We are working to address the many factors that contribute to teenage
pregnancy, our most serious social problem, by encouraging abstinence
and personal responsibility on the part of young men and women;
improving access to health care and family planning services; and
supporting health education in our schools.
We are pursuing a public policy agenda on HIV/AIDS that is specific to
women, adolescents, and children.
We are continuing to fund and conduct contraceptive research and
development.
We are addressing the health needs of women through initiatives such as:
-- The National Action Plan on Breast Cancer -- a public, private
partnership working with all agencies of government, the media,
scientific organizations, advocacy groups and industry to advance breast
health and eradicate breast cancer as a threat to the lives of American
women.
-- An Expansion of the National Breast and Cervical Cancer Early
Detection Program -- which will ensure that women who need regular
screening and detection services have access to them, and that those
services meet quality standards.
-- The inclusion of women in clinical trials for research and testing
or drugs or other interventions that probe specific differences between
men and women in patterns of disease and reactions to therapy.
-- The special health care needs of older women will be addressed
through educational campaigns about osteoporosis, cancer and other
diseases.
-- And the US is conducting the largest clinical research study ever
undertaken to examine the major causes of death, disability and frailty
in post-menopausal women.
Women's health security must be a priority of all people and governments
working together. Without good health, a woman's God-given potential can
never be realized. And without healthy women, the world's potential can
never be realized.
So let us join together to ensure that every little boy and girl that
comes into our world is healthy and wanted; that every young woman has
the education and economic opportunity to live a healthy life; and that
every woman has access to the health care she needs throughout her life
to fulfill her potential in her family, her work, and her community.

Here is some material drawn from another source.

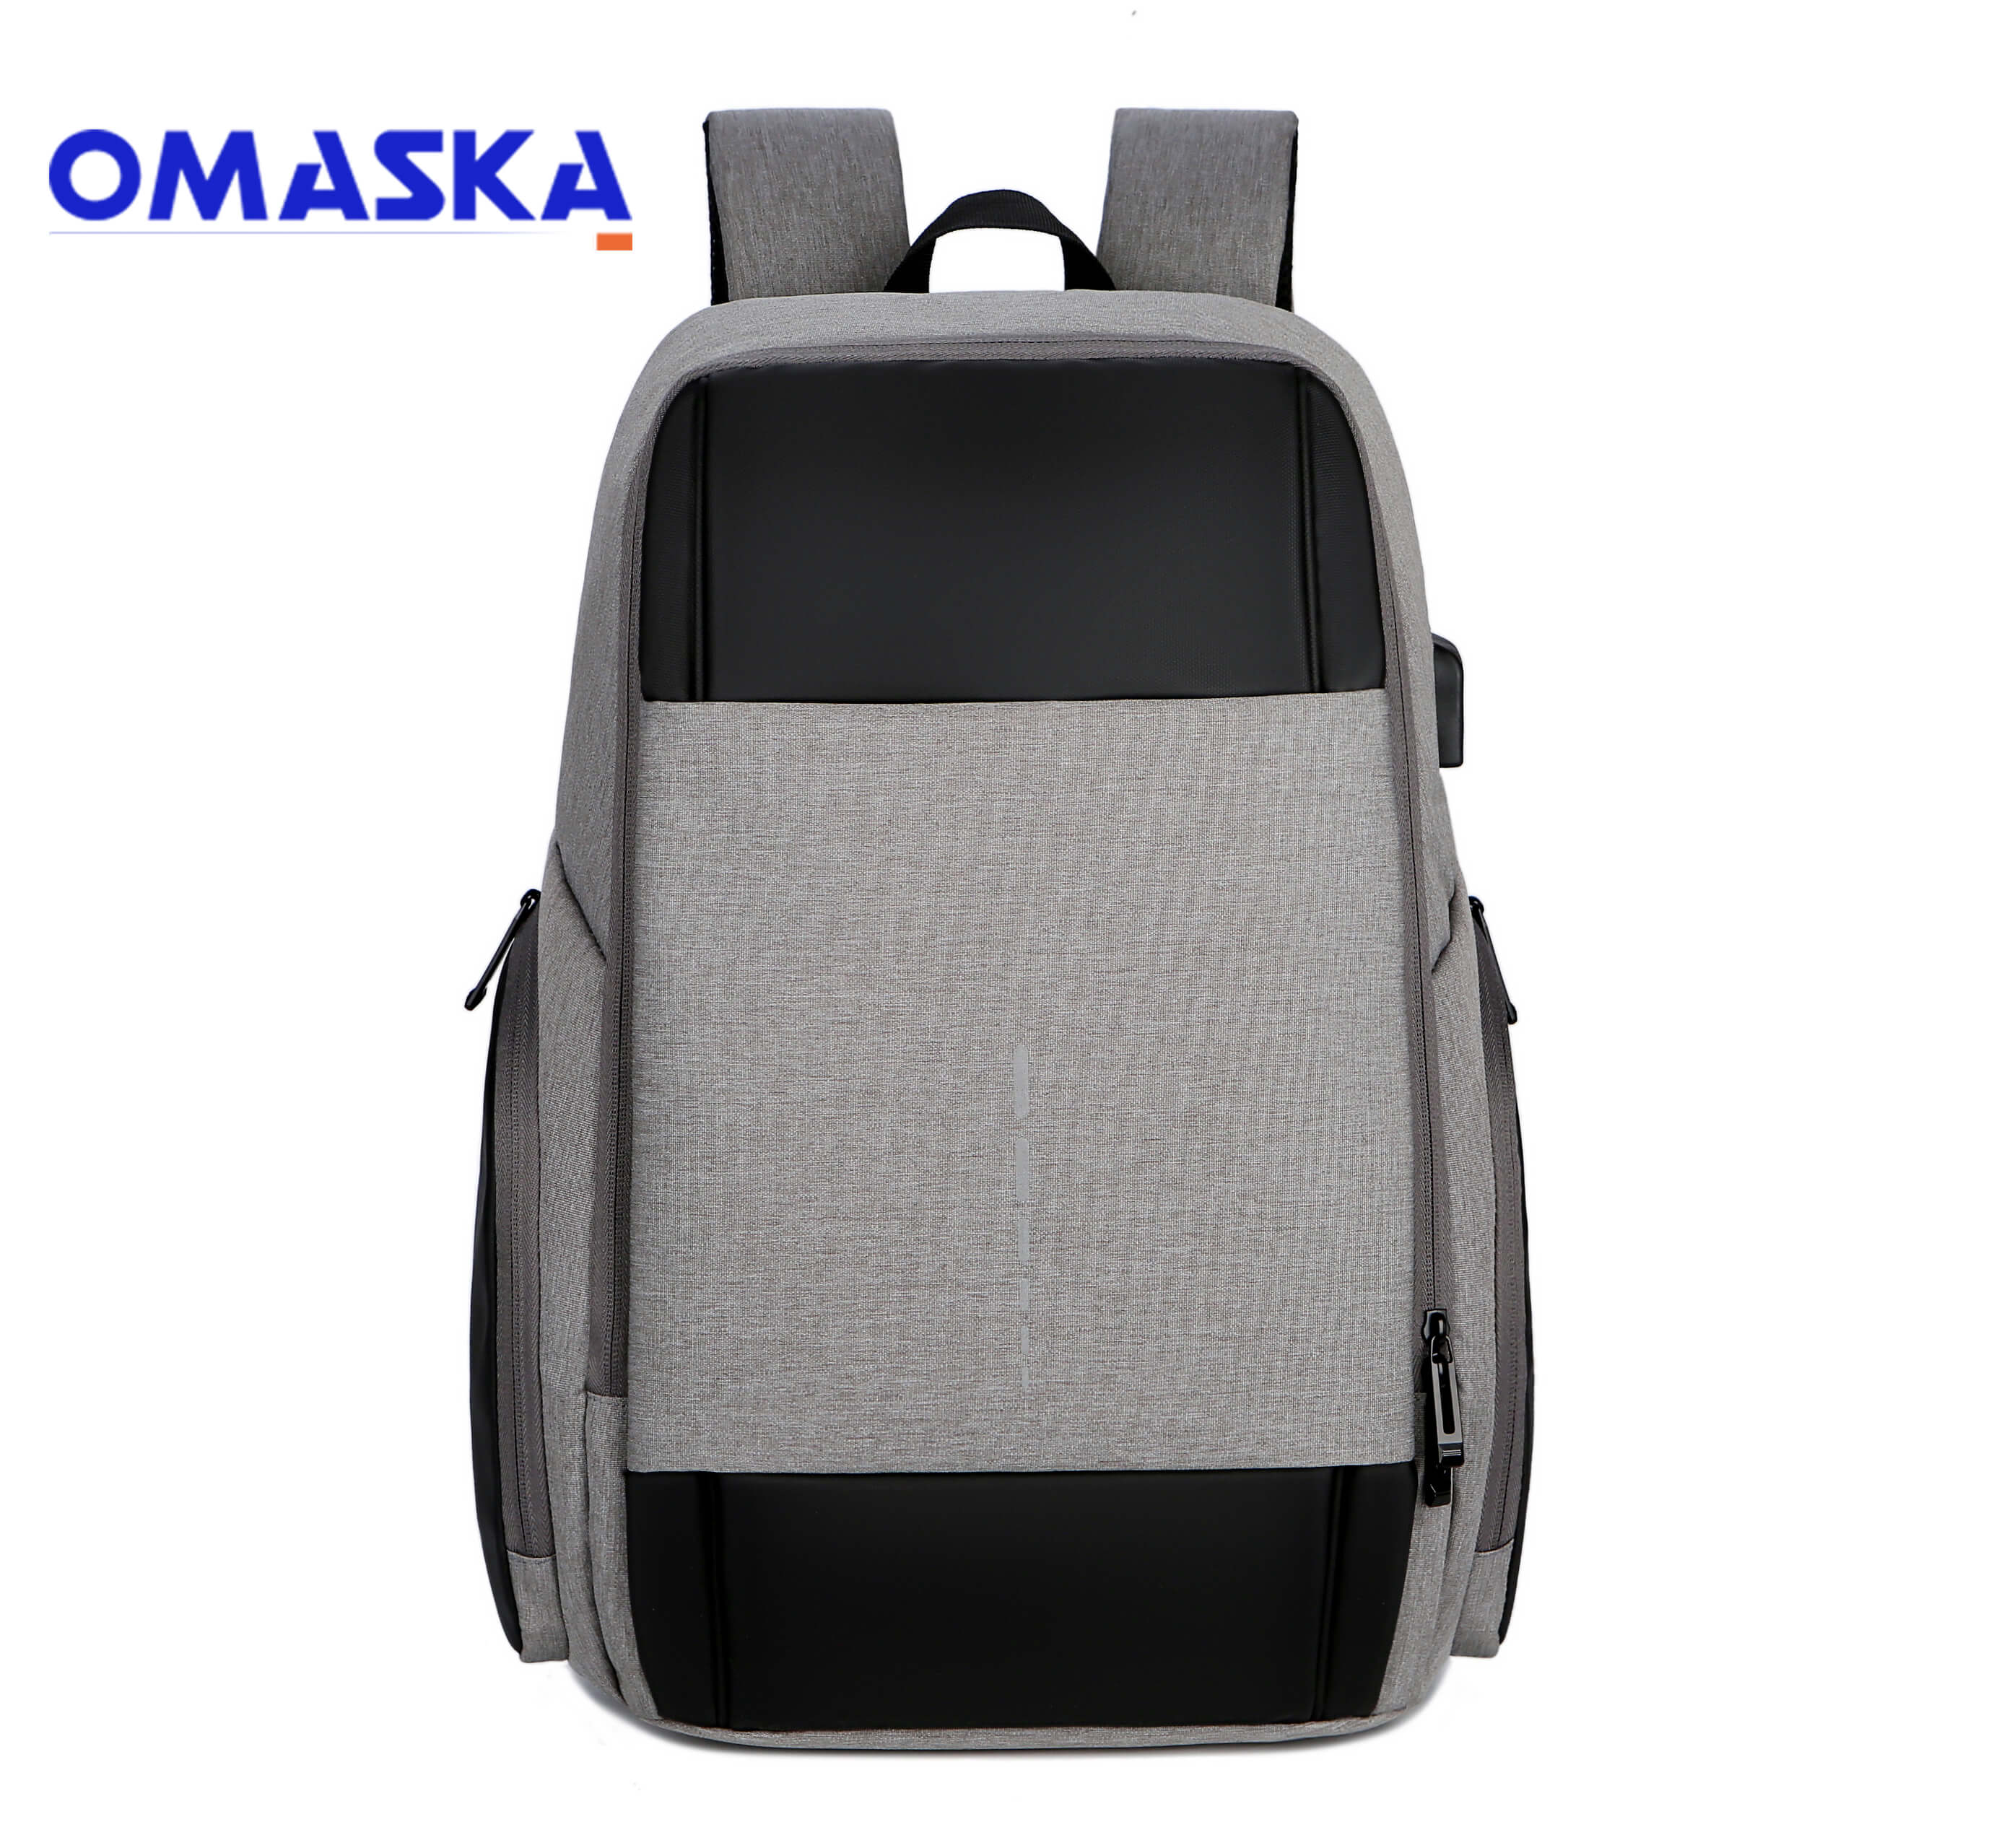 Rapid Delivery for  Custom Backpack With Logo  - Wholesale USB charging port reflective strip laptop backpack bag for men – Omaska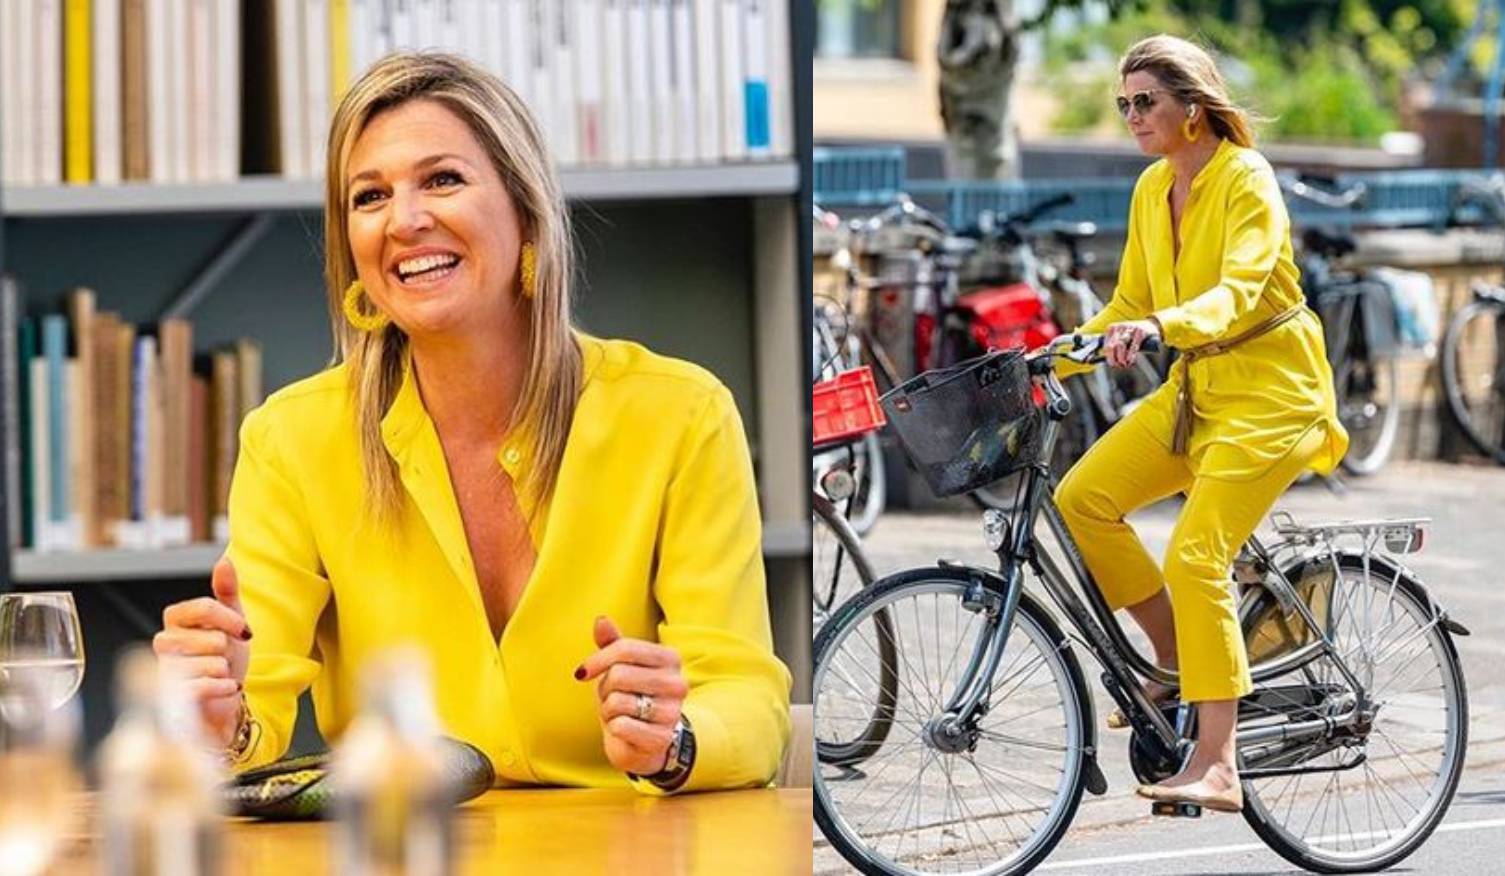 Royal žuta: Kraljica Maxima  na biciklu u odijelu sunčane nijanse

If we care about the futures of our daughters, our sons, and the
generations that will follow them, we can do nothing less.
Thank you for the work you do every day to bring better health to the
women, children, and families of this world. Thank you for helping
governments and citizens around the world understand that we cannot talk
about equality and social development without also talking about health
care.
Most of all, thank you for being part of this historic and vital
discussion, which holds so much promise for our future.